Ms Chattopadhyay also emphasised the need to restrict these interactions for research purposes rather than large-scale tourism. Part of the reason was their increased exploitation. While the Jarawas have become dependent on their roadside lifestyle, there is a growing protest against encroachment. A lawsuit that later escalated to the Supreme Court litigation was filed by The Society for Andaman and Nicobar Ecology, the Bombay Natural History Society and others as well. It led to the court directing the administration to undertake steps to protect the Jarawas from encroachments. The court also ordered the prohibition of the highway extension.
However, this wasn’t the end as frequent cases arose of private tour operators interacting with the tribes by throwing seasoned food, and exploiting them by drugging or sexually abusing their women. There were also cases of resorts being established within the reserve. In 2012, a video shot by a tourist showed Jarawa women dancing in front of a local policeman. Many NGOs protested in support of the easement of such tourism as ‘human safaris’. Scholars protested due to the commodification of Jarawa tribes, especially their women who underwent sexual exploitation and racial trolling both on the grounds and online.
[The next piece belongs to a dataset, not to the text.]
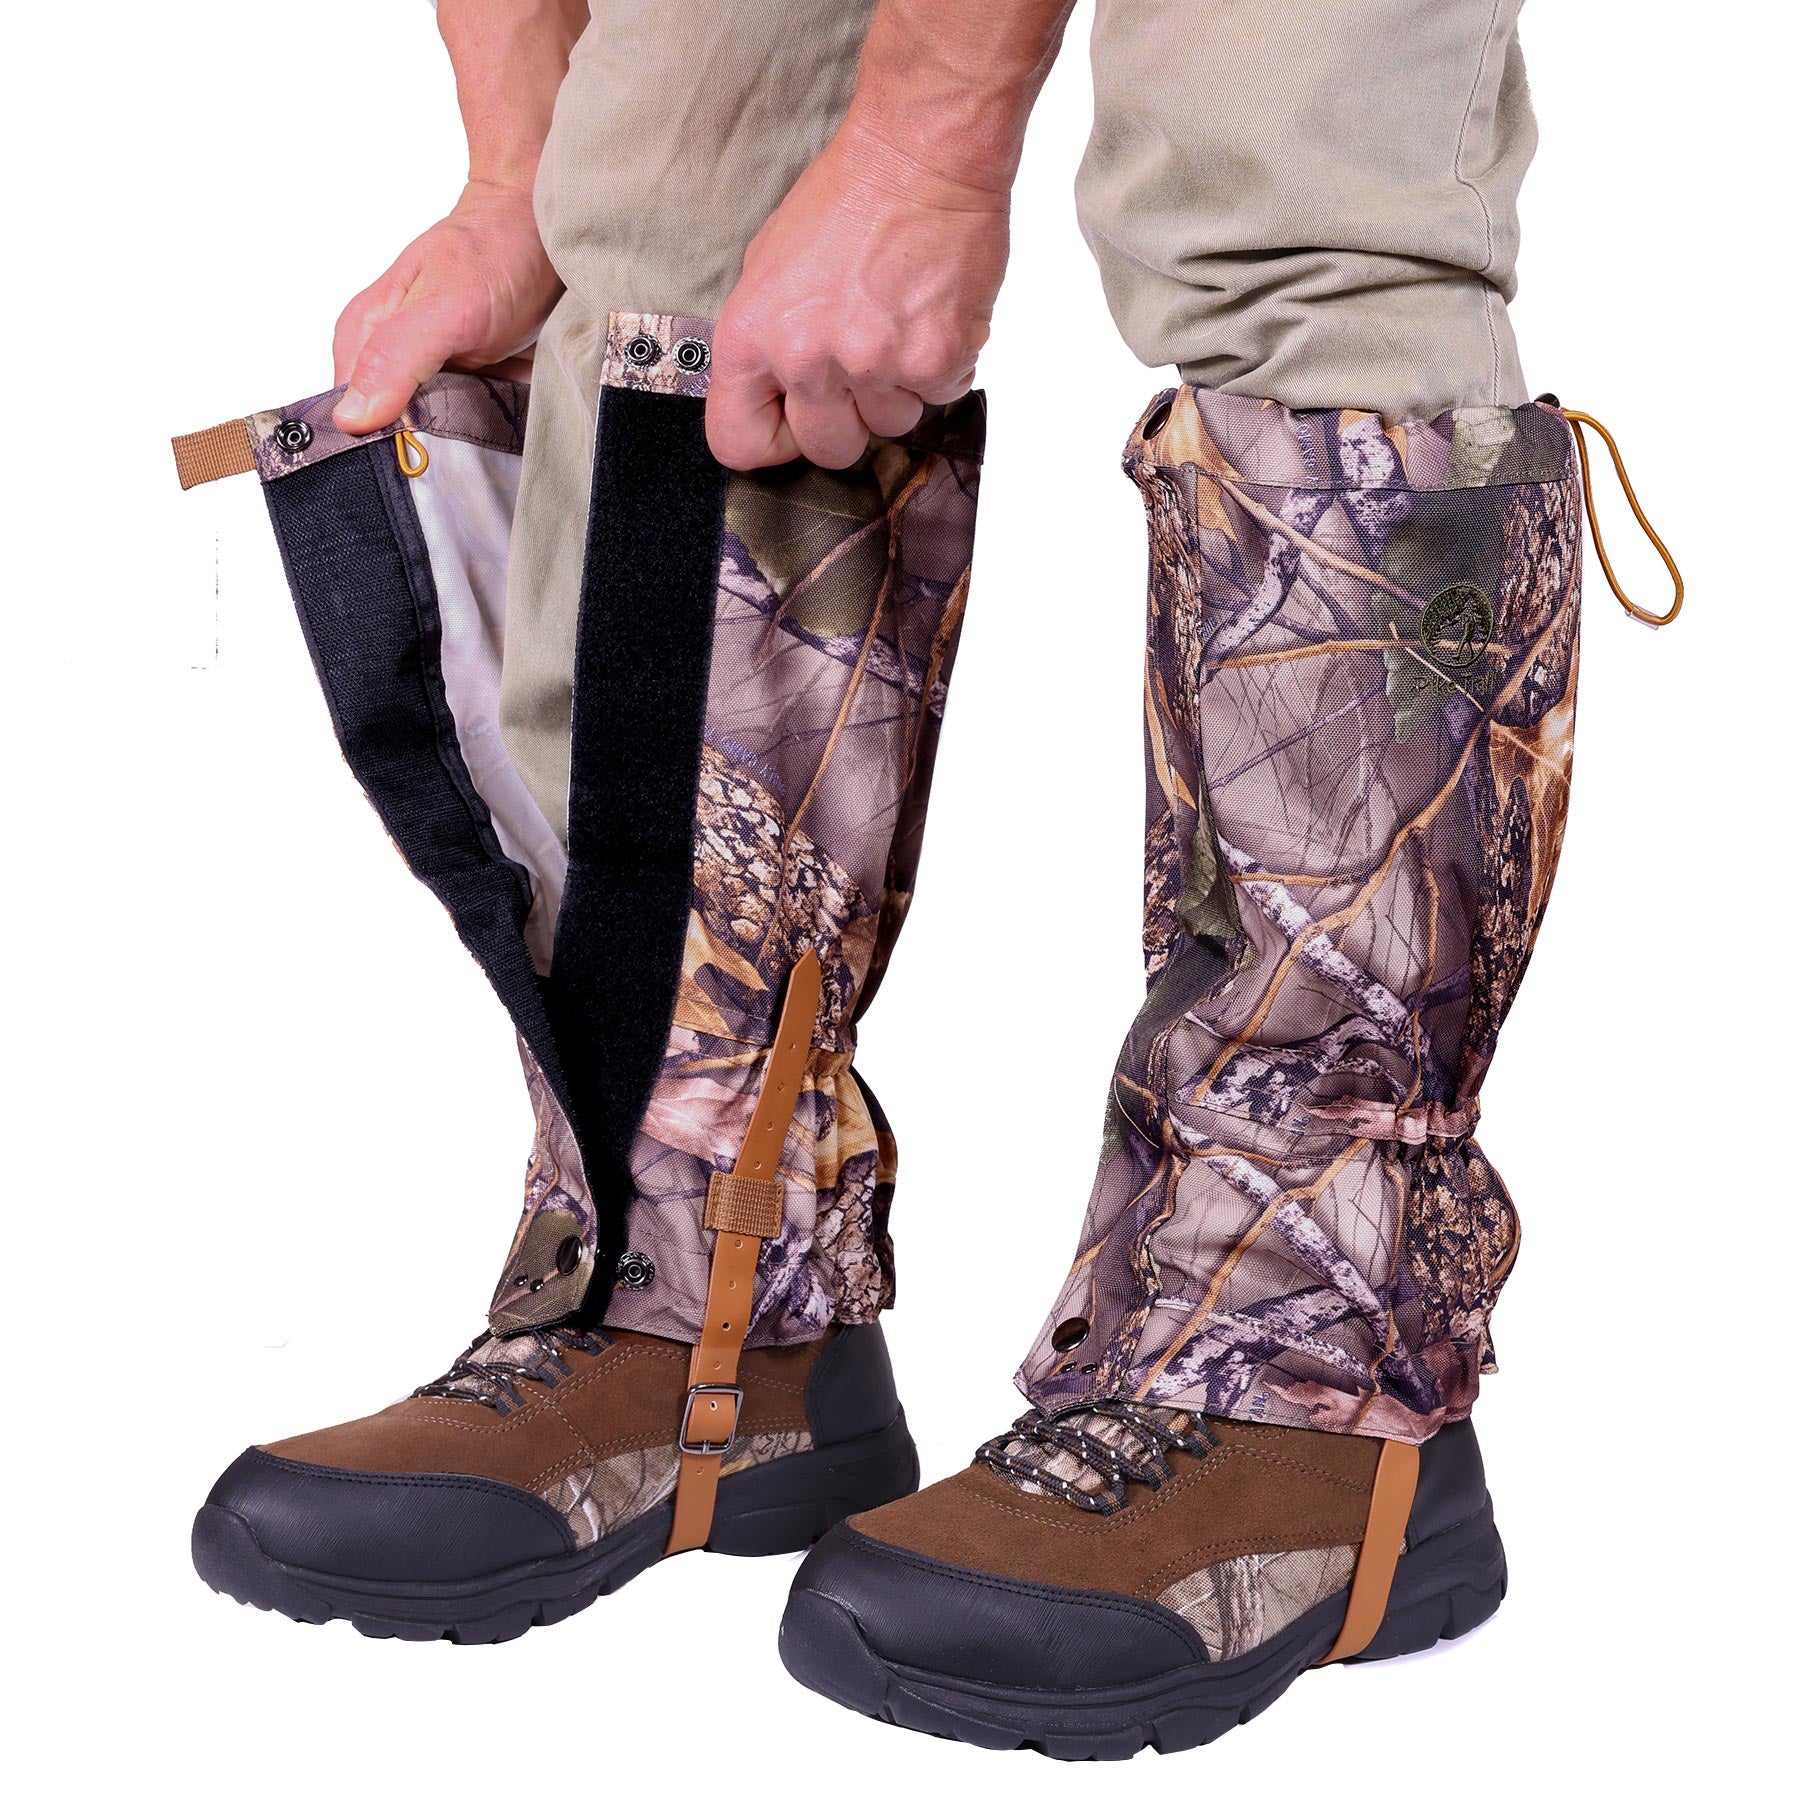 Pike Trail | Gaiters, Blankets, Liners & More For The Outdoors

The local inhabitants, however, stated the Andaman Trunk to be a vital means of connecting 350 villages and providing means of earning. Therefore, on 5th March 2013, the Supreme Court reversed its interim order of allowing the road to be fully re-opened. However, vehicles were allowed to travel in large conveys four times a day. Today, even the Indian government policy towards the Jarawas has taken a shift to minimal intervention.
However, some NGOs are still against this tourism of witnessing Jarawas as exotic and inhumane though one can see the space it has opened for the nearby settlers. Even the Jarawas, as mentioned earlier, have become accustomed to it and are seen sitting beside the roads observing curiously the outsiders or carrying out their daily lifestyle.